L’ONU sur la guerre en Ukraine : “le risque d’un désastre nucléaire est réel”

EUR

« Le risque d’un désastre nucléaire en Ukraine, qui aurait même des conséquences au-delà, est réel », ont prévenu les Nations Unies hier suite aux activités militaires prenant place près de la centrale de Zaporijjia. L’Ukraine a prévenu que certaines parties du complexe avaient été « sérieusement endommagées » par des frappes militaires russes. Alors que Moscou avait pris possession de la centrale début mars, l’armée russe semble tirer des missiles vers des zones civiles depuis le site. Une « tactique de terreur », comme la qualifie le Président ukrainien Volodymyr Zelensky, qui pourrait avoir des « conséquences catastrophiques » explique ainsi le responsable de l’Agence Internationale de l’Énergie Atomique (une branche de l’ONU) Rafael Grossi. Du côté russe, on se défend en expliquant que c’est l’Ukraine qui aurait orchestré cette attaque – une plaidoirie qui ne semble pas convaincre les dirigeants de l’Ouest qui condamnent le côté irresponsable de l’action russe.

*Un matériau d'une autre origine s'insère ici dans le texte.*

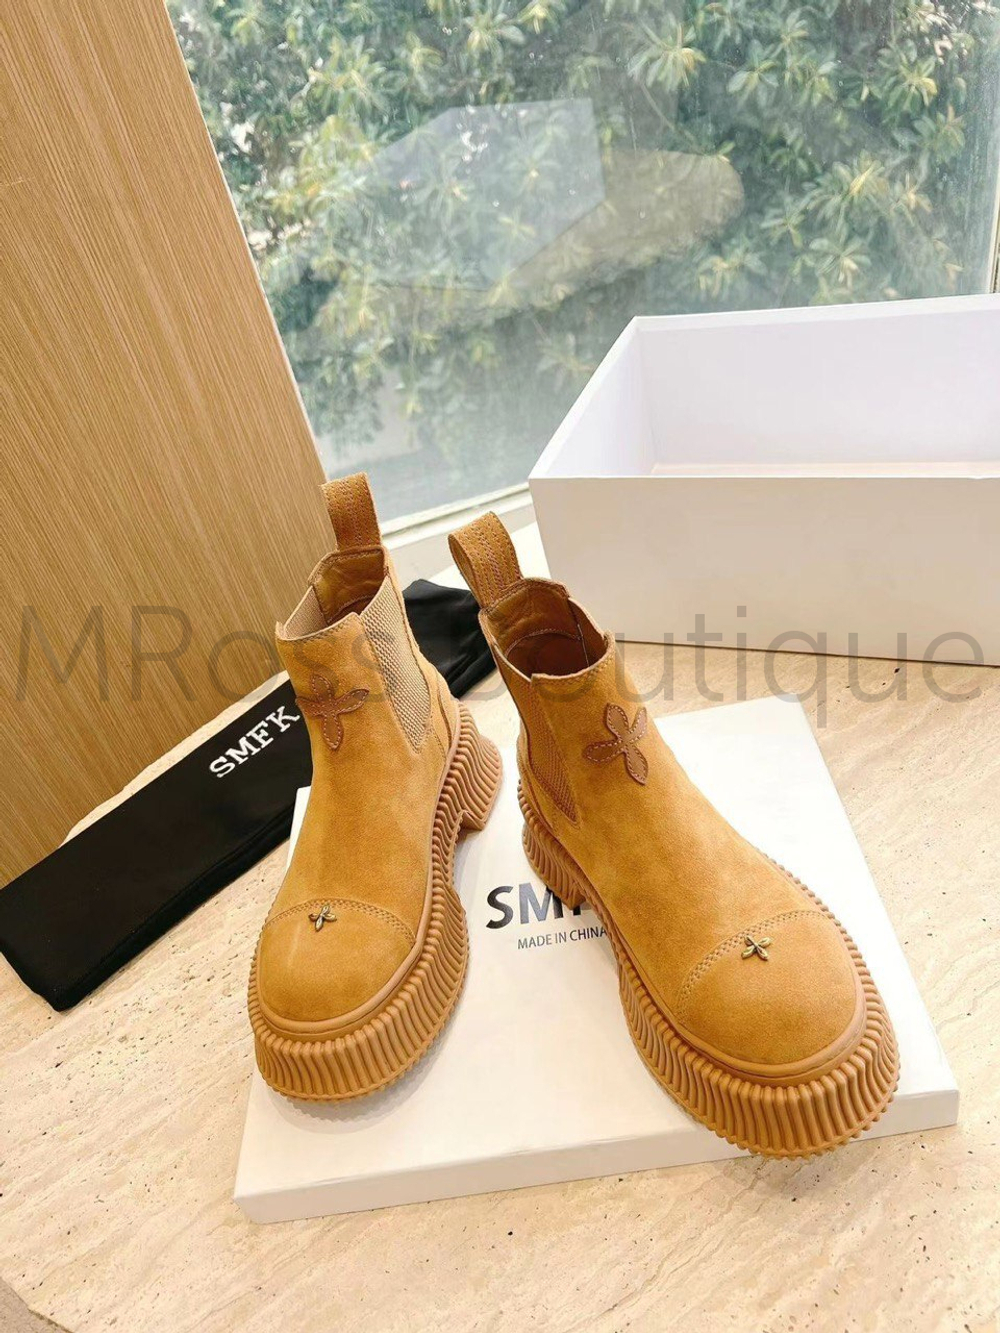 Женские ботинки челси песочного цвета SMFK Compass премиум класса

D’ailleurs, le porte-parole du Kremlin Dmitry Peskov a déclaré ce lundi qu’il n’y avait pour l’instant pas les bases nécessaires pour organiser une rencontre entre Zelensky et son homologue russe Vladimir Poutine.

GBP

D’après les informations du Sunday Telegraph, la favorite à la succession de Boris Johnson au poste de Premier Ministre, Liz Truss, planifierait déjà d’accélérer des coupes d’imposition qu’elle a prévu dans l’optique de dynamiser l’économie britannique. Alors qu’initialement celles-ci auraient dû intervenir pour avril 2023, soit le début de la prochaine année fiscale, elle pourrait faire le nécessaire pour acter ce changement dans les quelques jours qui suivraient le début de son mandat. Rappelons que son rival Rishi Sunak, ex-Ministre des Finances qui était justement à l’origine d’une hausse des impôts en avril 2022 dans l’optique d’équilibrer les comptes du pays suite à la pandémie, insiste sur le fait qu’une baisse des impôts aurait des conséquences inflationnistes et serait donc contre-productive.

USD

Les créations d’emplois non-agricoles ont été bien supérieures à ce qui était attendu en juillet : alors que le consensus s’attendait à 250 000 créations d’emplois, c’est au final un chiffre de 528 000 qui est venu totalement surprendre les investisseurs. En parallèle, le taux de chômage baisse à 3.5% alors qu’il était attendu stable à 3.5%. Cette nouvelle vient totalement booster le dollar puisque, selon l’analyse faite ces dernières semaines par le Président de la Fed Jerome Powell, une économie qui créé des emplois n’est pas en récession. On s’attend donc à ce que, pour lutter contre l’inflation, la banque centrale continue à augmenter ses taux directeurs – et ce malgré le fait que sur le premier semestre de 2022 le pays affiche une décroissance.